*** Available data Section Begins ***
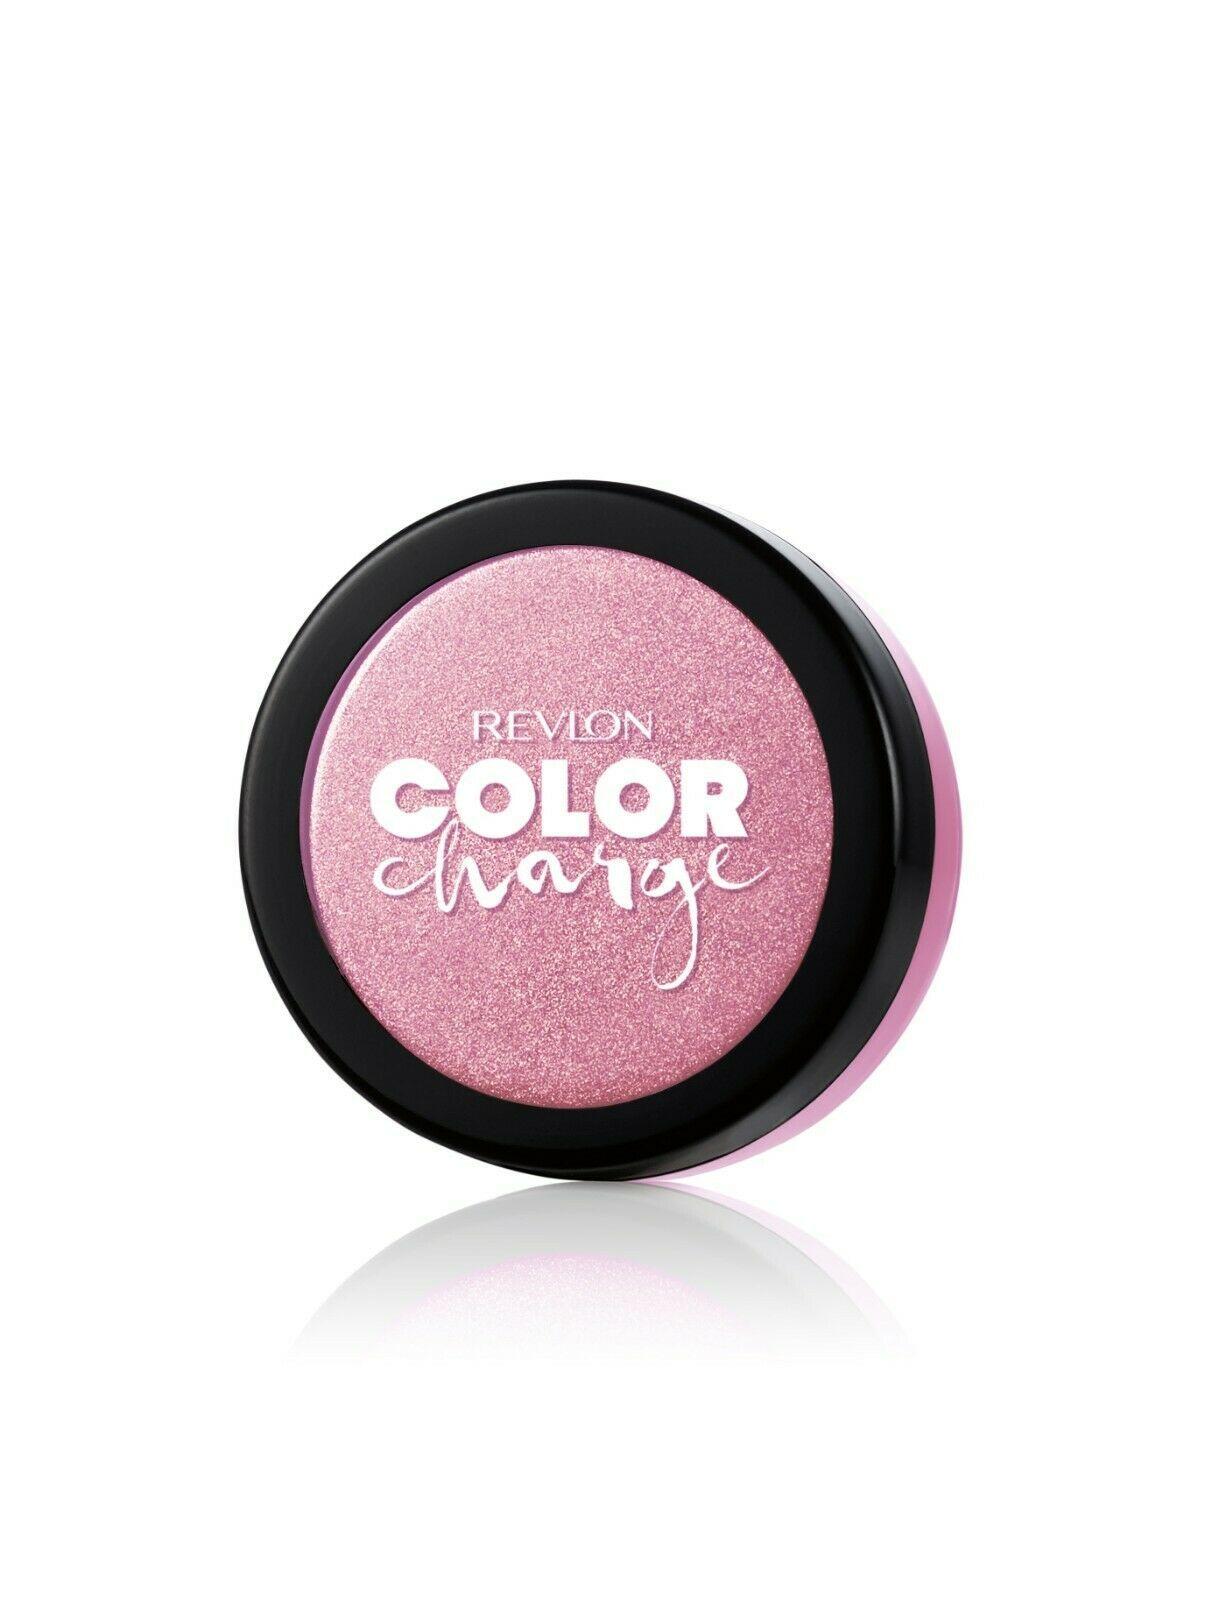 Revlon Color Charge Loose Powder Pigments #106 Fuchsia - $6.92
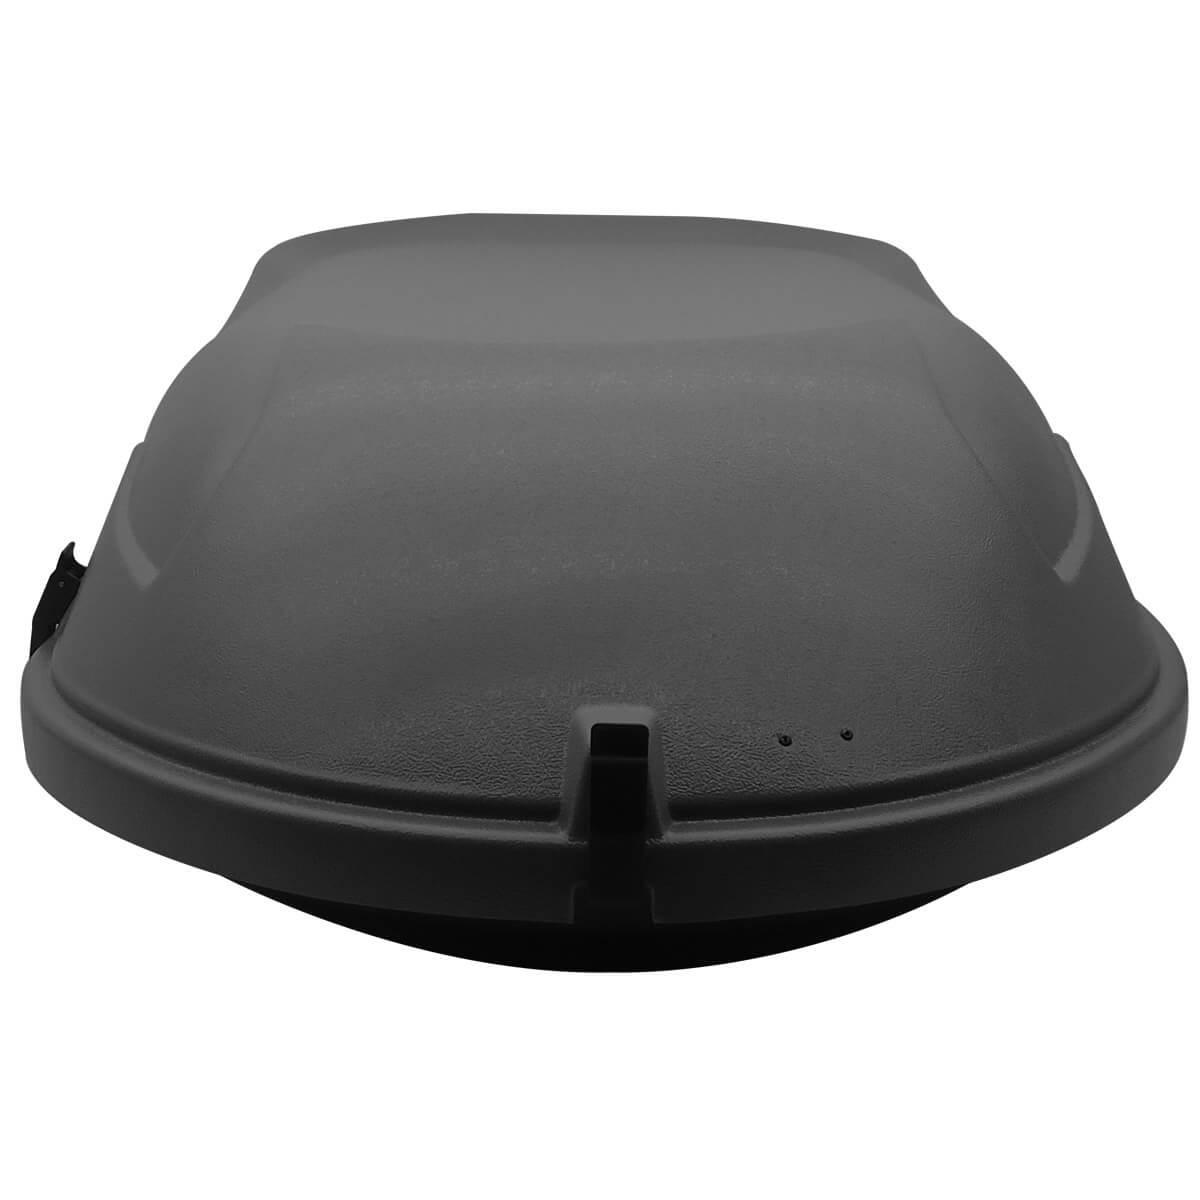 Bagageiro de teto maleiro com chave Motobul 400 litros cinza
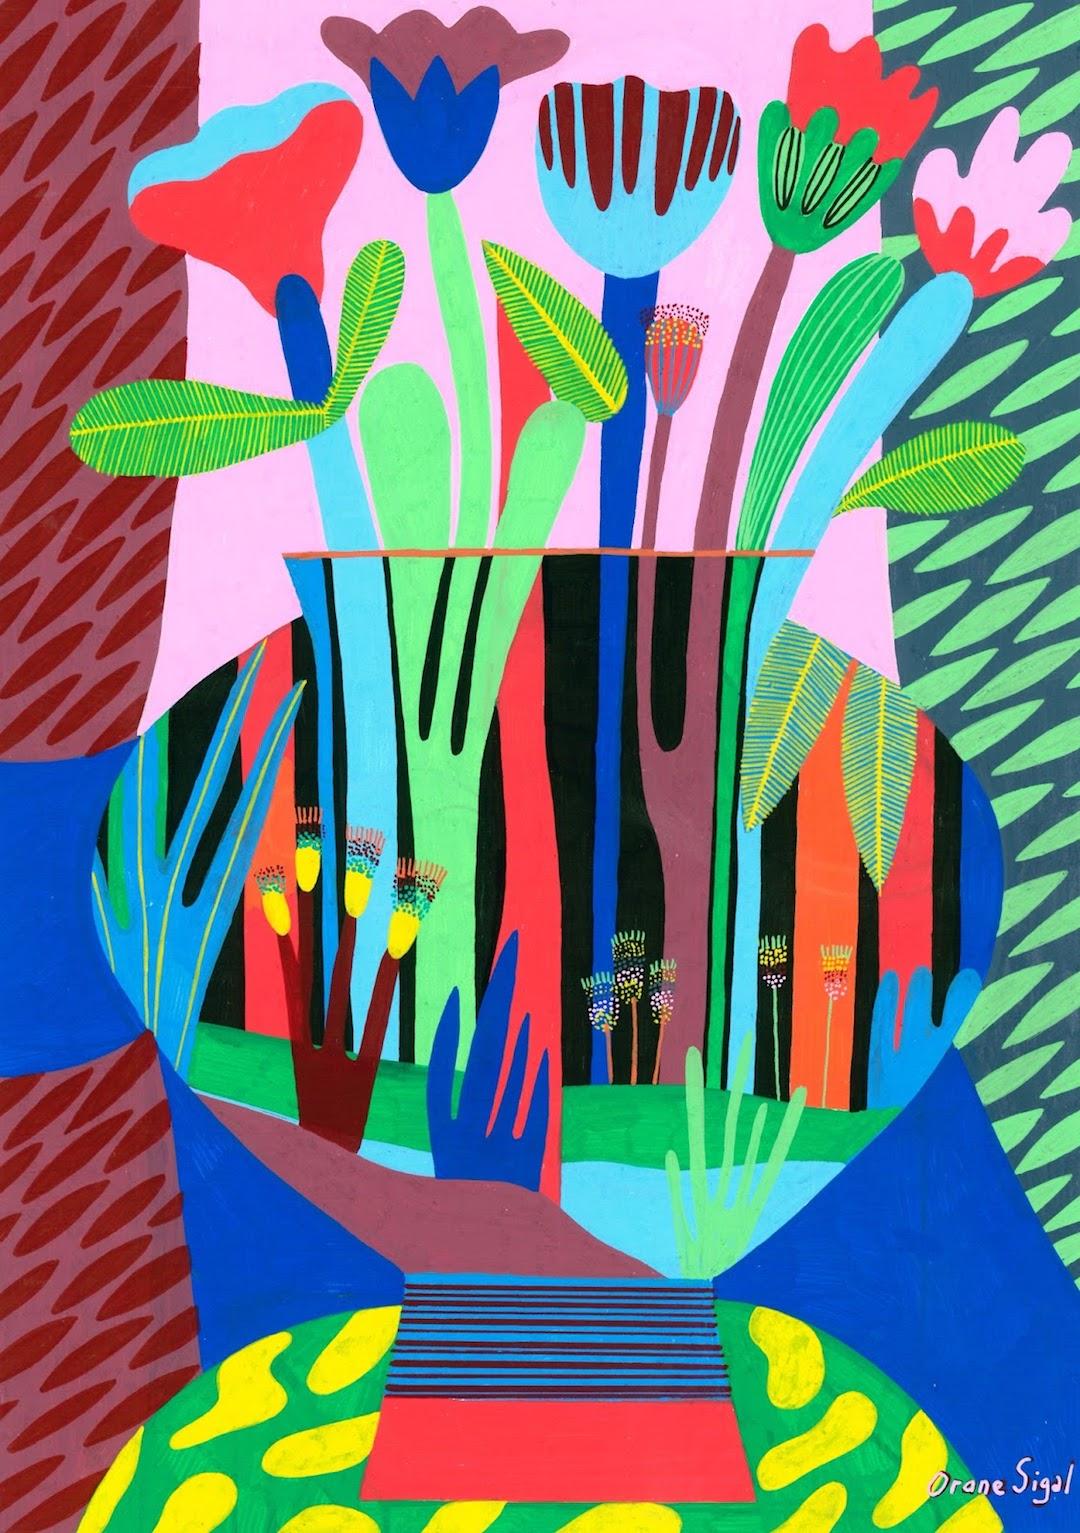 Vibrant color palette jungle illustration by Orane Sigal
*** Available data Section Ends ***
-- Goal of the exercise --
Your copy should match the listing exactly, apart from the pictures it leaves out.

-- Output of the task --
 Revlon Color Charge Loose Powder Pigments #106 Fuchsia - $6.92
 Bagageiro de teto maleiro com chave Motobul 400 litros cinza
 Vibrant color palette jungle illustration by Orane Sigal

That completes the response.